Sir Henry ordered an immediate post-mortem, which found that Essex had died of natural causes.61 But the following February, 1577, Sidney still felt the need to offer Leicester further reassurance in a private letter about the ‘false and malicious bruit’. The man responsible for spreading the rumours had now himself died of the same disease, Sir Henry said, ‘which most certainly was free from any poison; a mere flux, a disease appropriate to this country and whereof there died many in the later part of the last year, and some of mine own household, and yet
free from any suspicion of poison’. But why did Leicester need the reassurance? Concern for his own reputation, as after the death of Amy Dudley? Perhaps - but not necessarily. The lasting slur, that Leicester may have had his rival murdered, in fact springs chiefly from a slanderous pamphlet not published until the 1580s. Right then and there in 1577, the worst canard seems to have been rather that it was Lettice - Essex’s ‘wellbeloved wife’, as she was described in a will just three months old - who had had her husband put away. (Froude says that a few years earlier, Mary, Queen of Scots, had been warned to beware of Lettice, for precisely her facility with poisons.)

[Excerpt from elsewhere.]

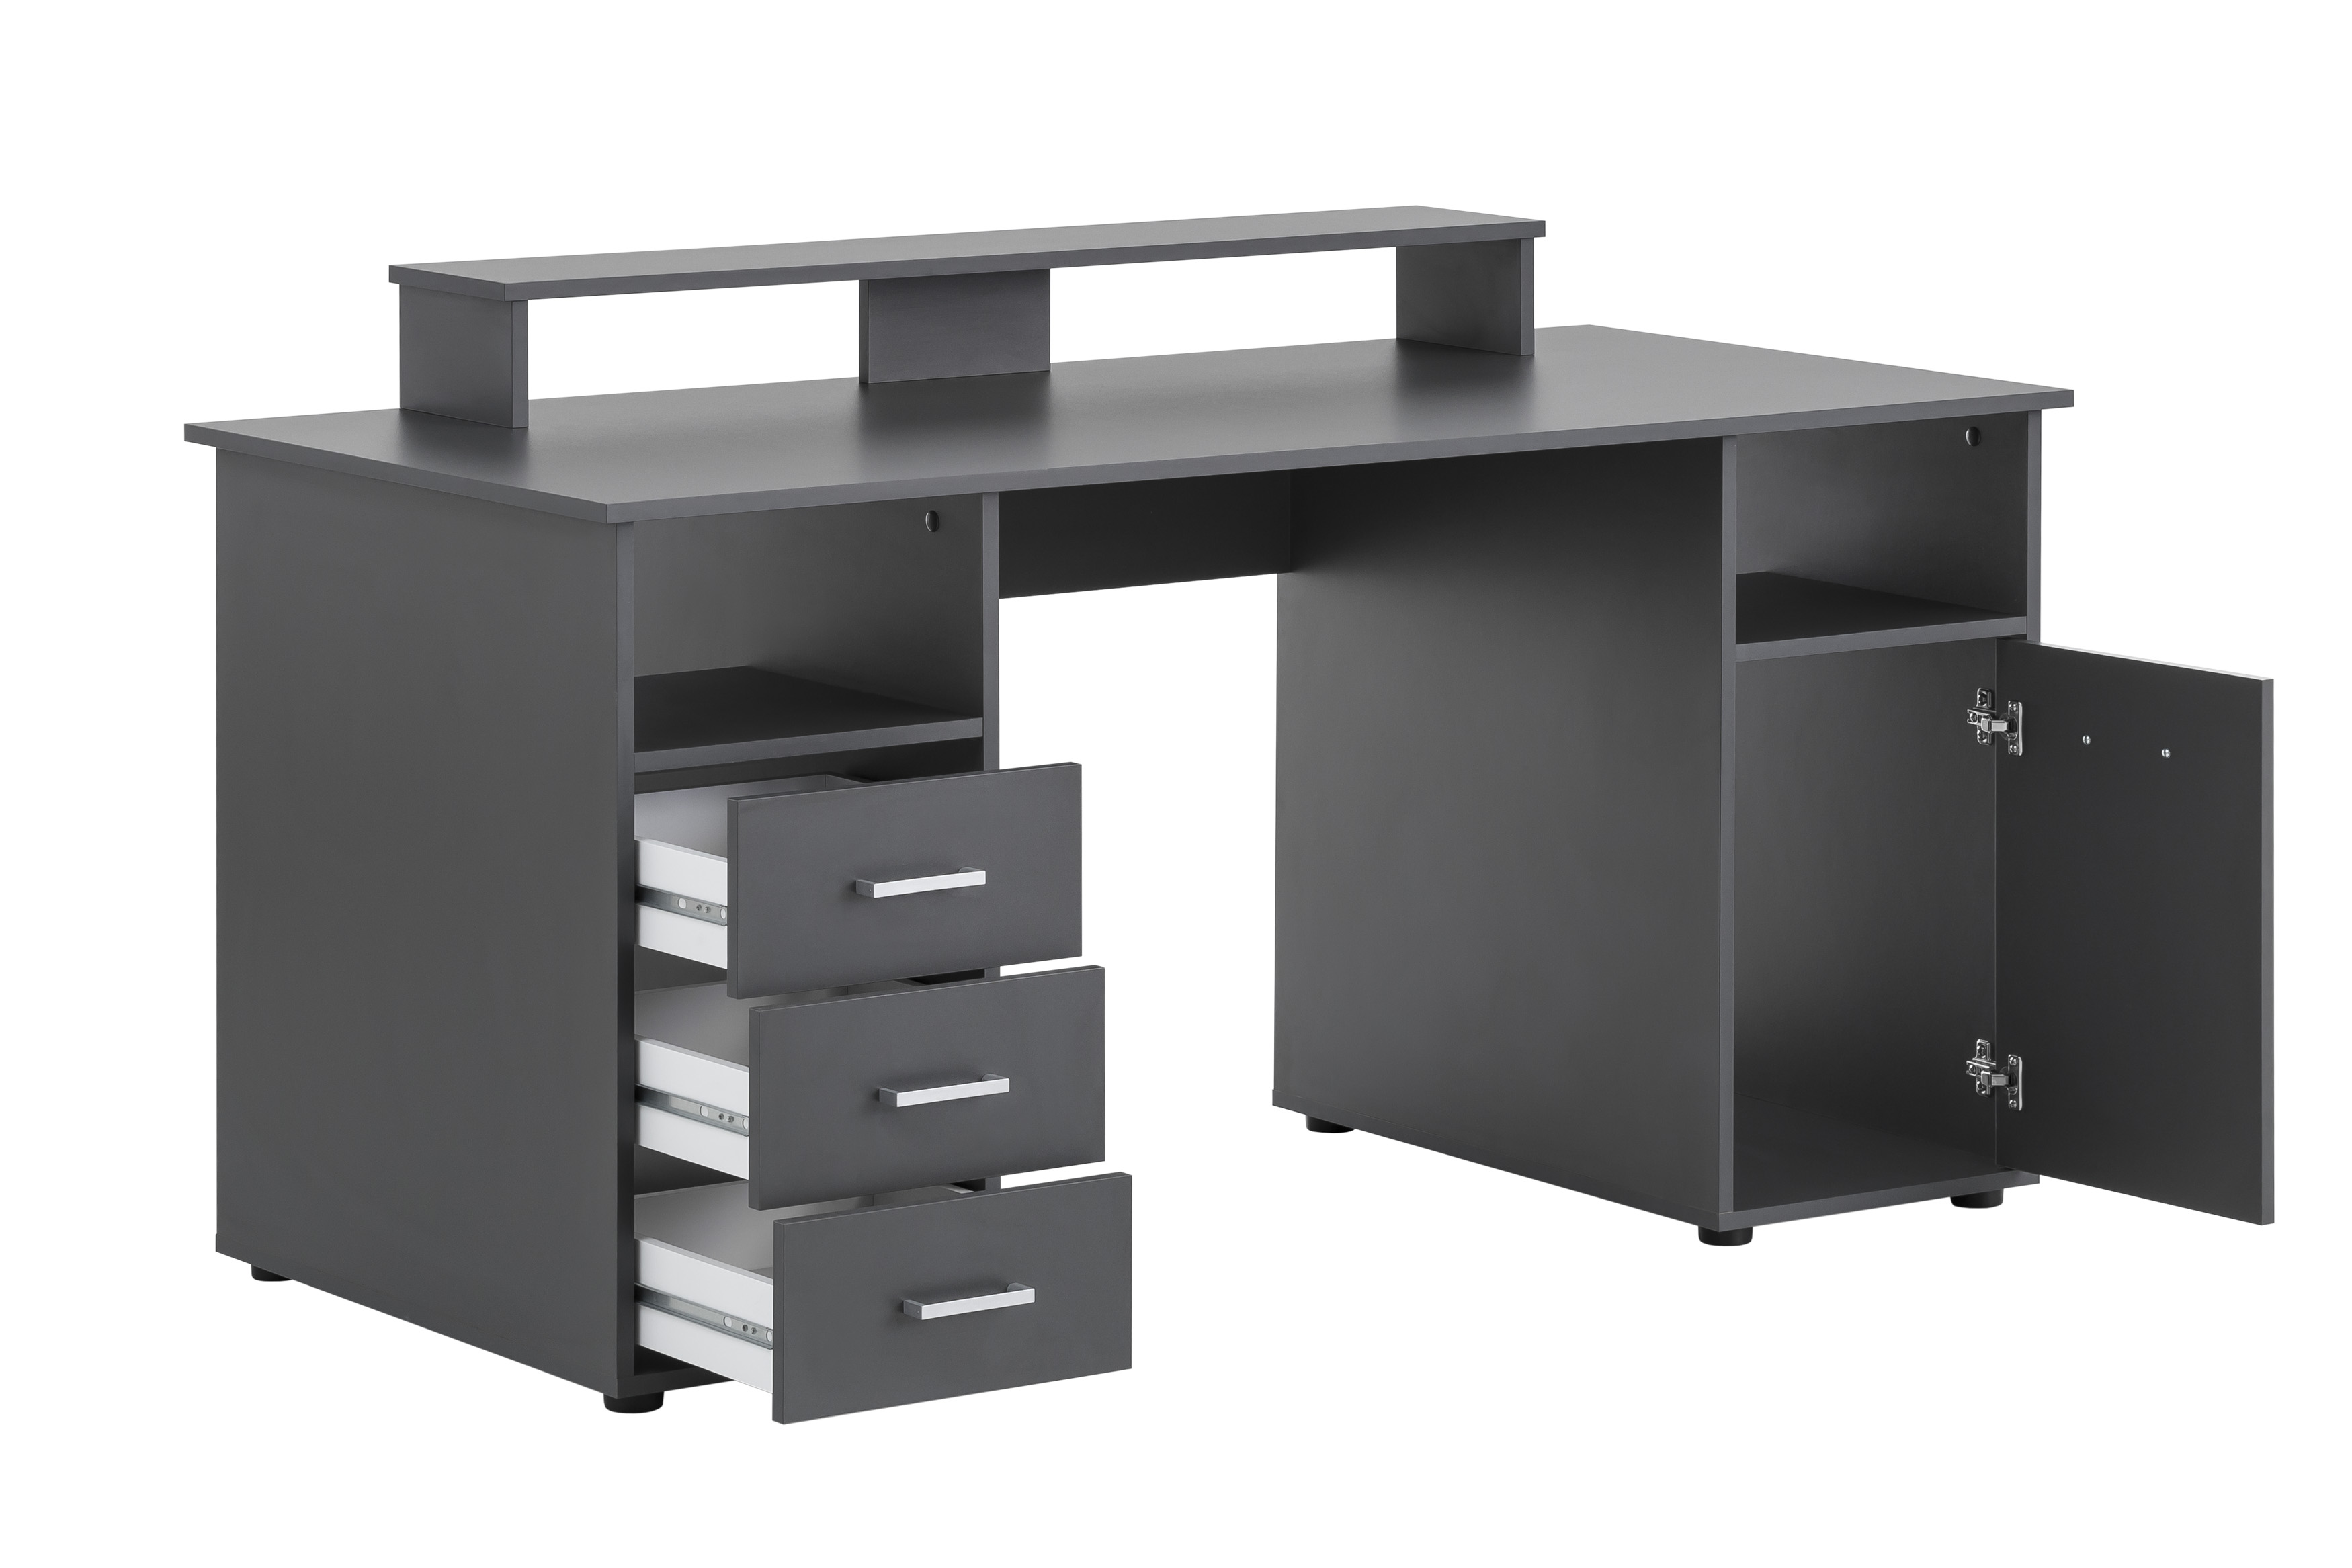 Möbelpartner Schreibtisch Fox | Large | HxBxT 86x150x70cm | 3 Schubladen, 2 offene Fächer, 1 Fach mit Flügeltür & Monitorständer | Anthrazit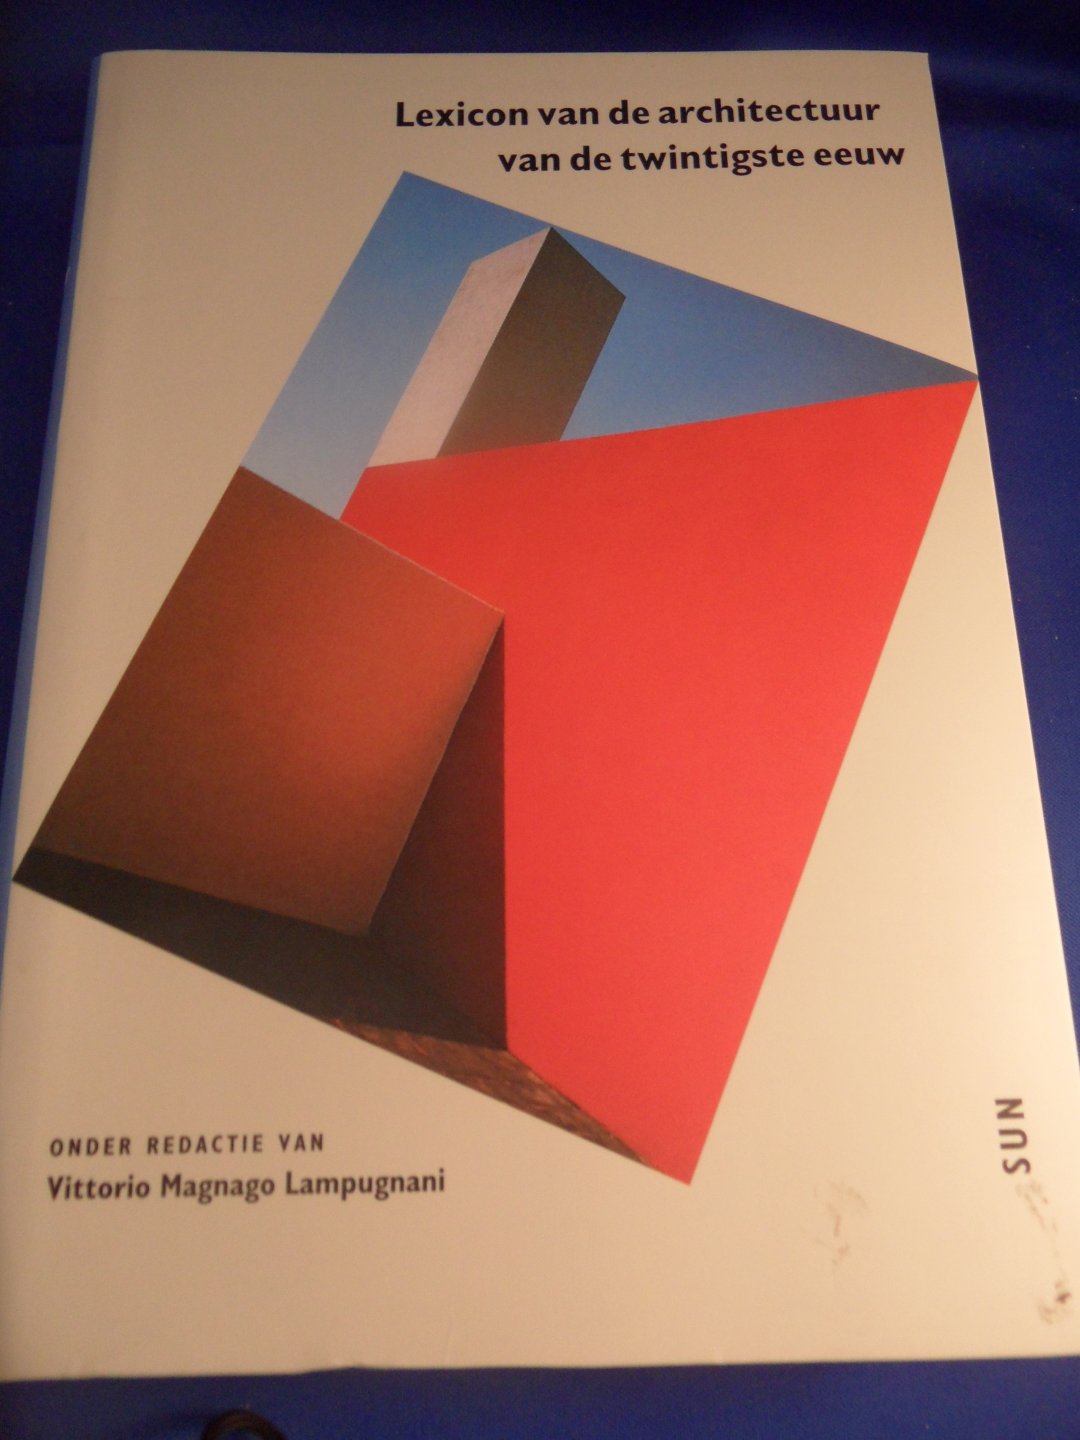 Lampugnani, Vittorio Magnago - Lexicon van de architectuur van de twintigste eeuw

But whatever Lettice, guilty or innocent, may have hoped might follow her husband’s death, in fact, in the short term at least, it left her almost destitute, since her husband’s debts were enough to crush his heir and sink his estates, and her attempt to get some maintenance from the Queen did not prosper quickly or smoothly. If she had already been involved with Leicester, could he not have helped her in some way? In fact, as with the death of Douglass Sheffield’s husband, the best evidence for the fact that Leicester did not kill Lettice’s husband in order to marry her is that he showed no signs of wishing to do so the minute she was free. Instead, Lettice drops out of the picture for a year or two. In 1577, as far as the sources are concerned, it was the same old Robert and Elizabeth story.